• **REQUIRED ACTION**: Within the lines below, the span from the line with "Blue Air Compressor, 3D" to the line with "Arcadia High Waist", both ends included, is to be reproduced exactly, with pictures omitted.

• **ENTRIES SHOWN**:

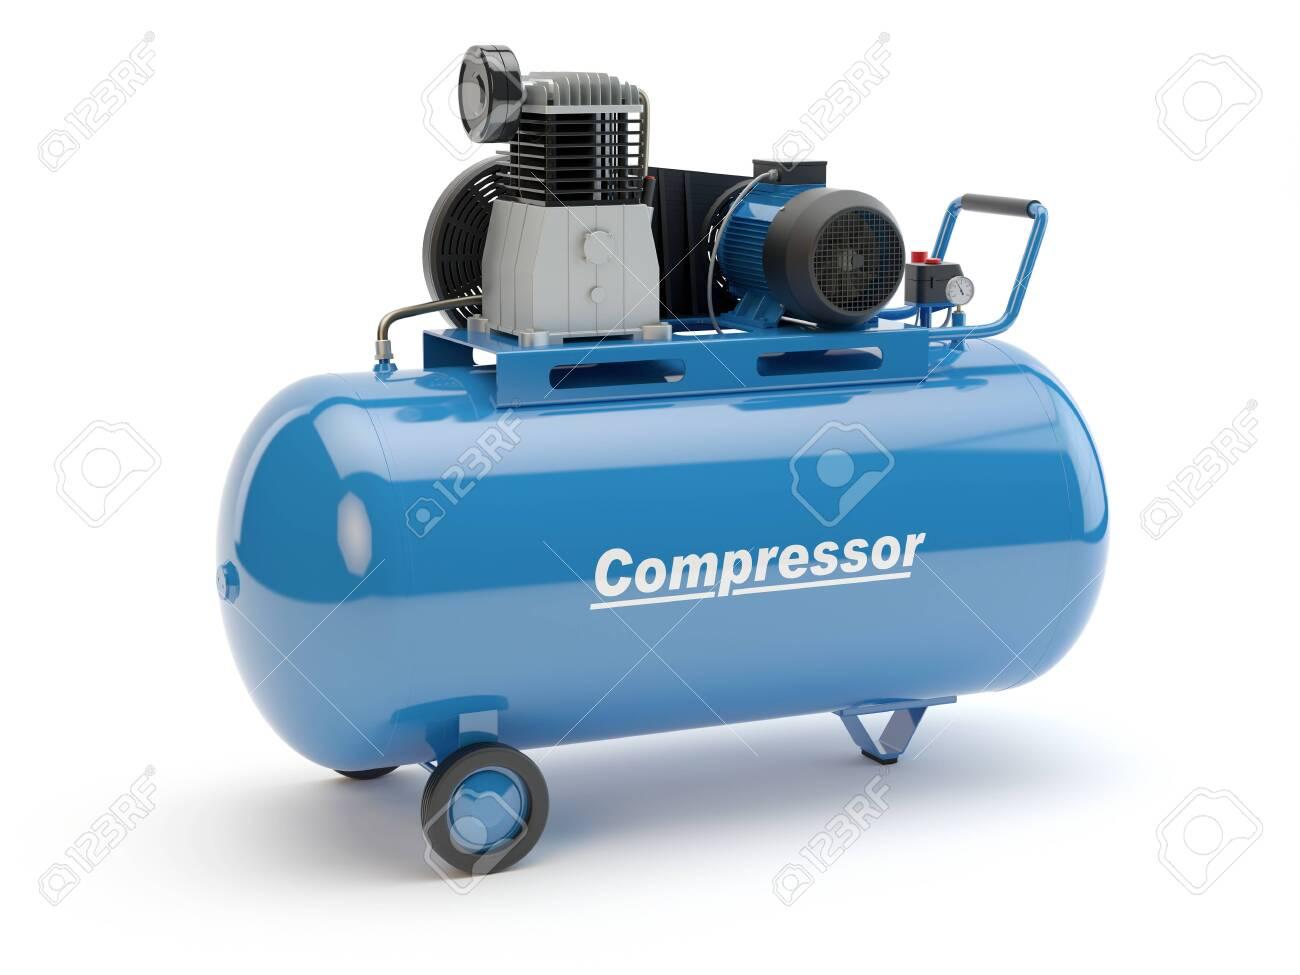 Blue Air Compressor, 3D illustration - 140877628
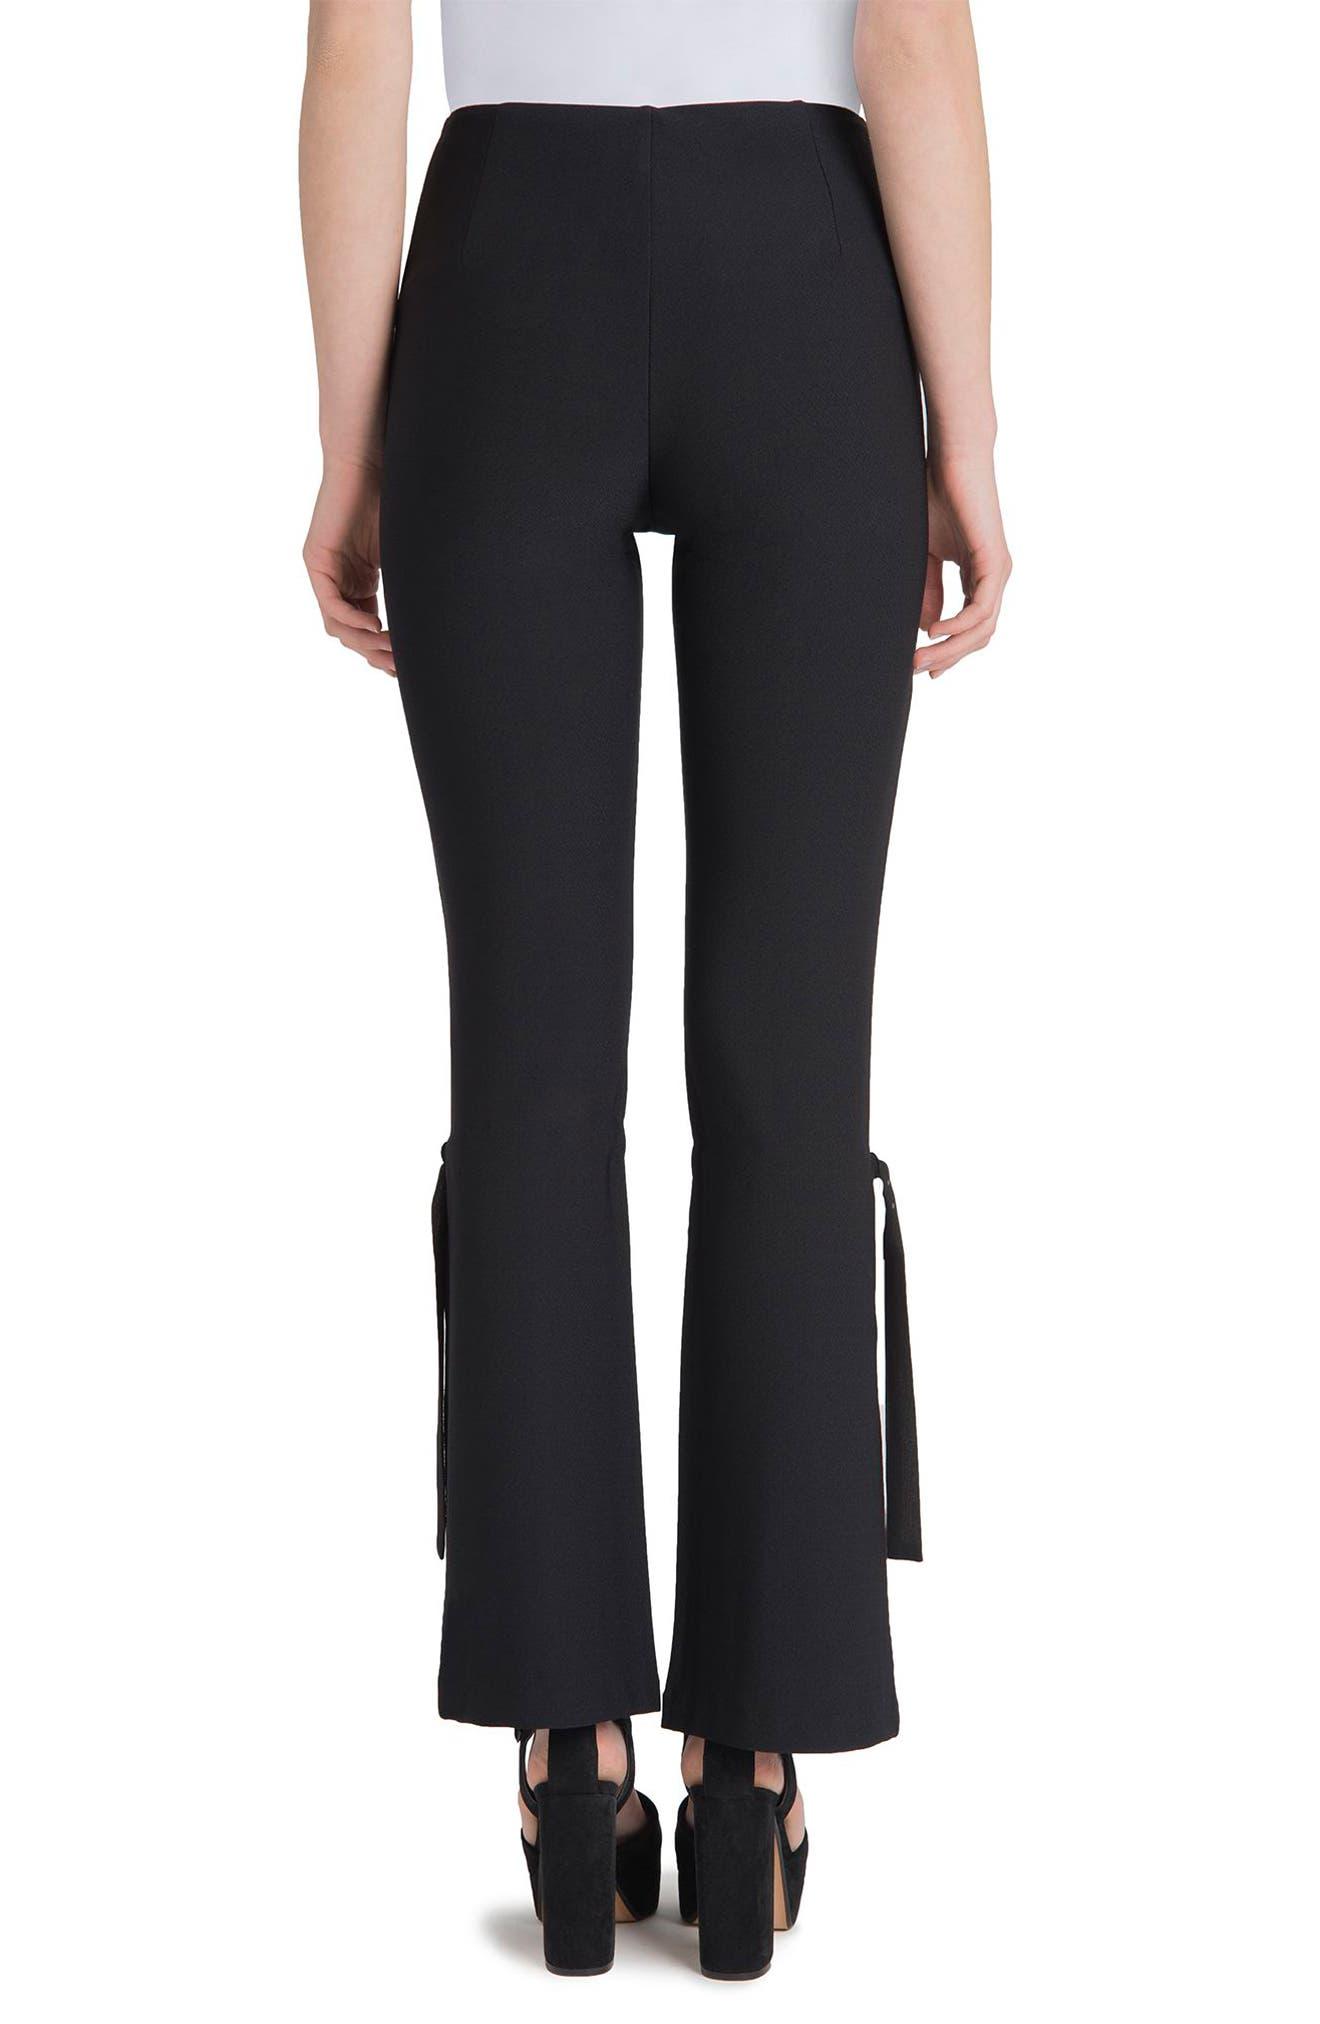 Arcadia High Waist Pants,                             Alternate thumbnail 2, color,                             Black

--

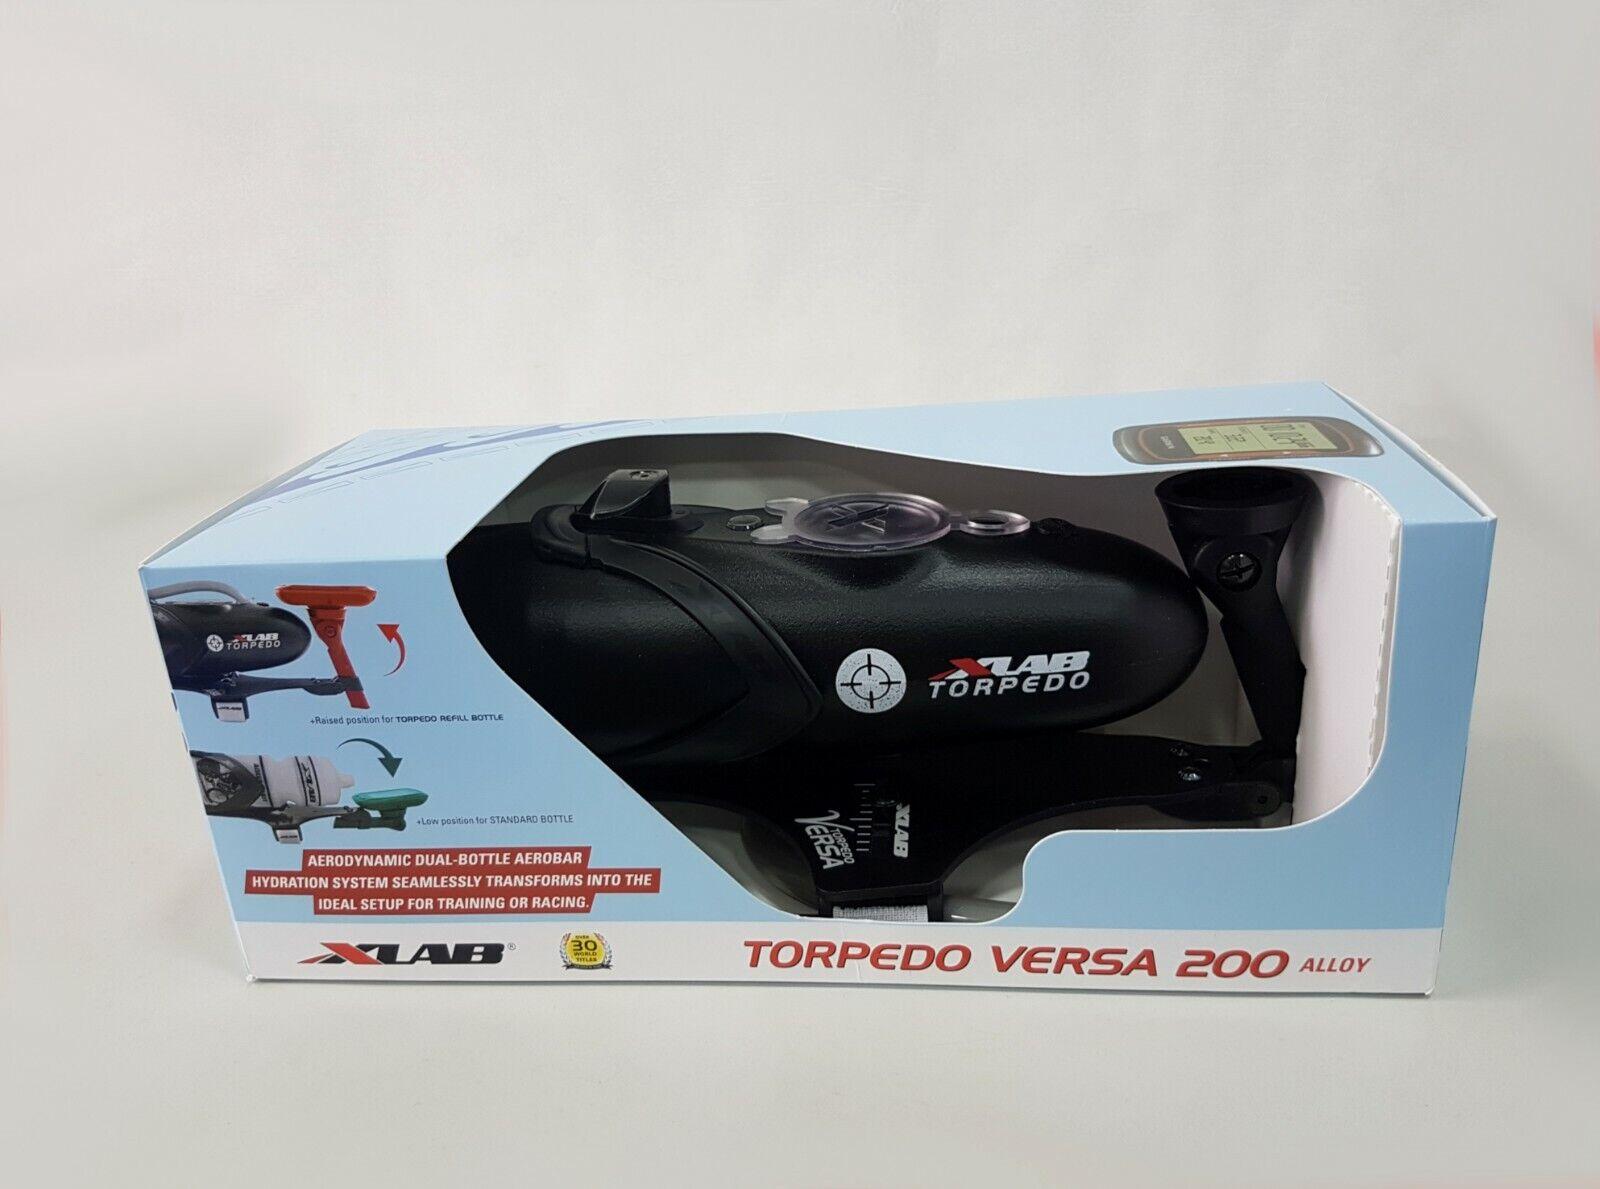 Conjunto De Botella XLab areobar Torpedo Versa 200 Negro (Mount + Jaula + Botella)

• **PROBLEM SOLUTION**:
 Blue Air Compressor, 3D illustration - 140877628
 Arcadia High Waist Pants,                             Alternate thumbnail 2, color,                             Black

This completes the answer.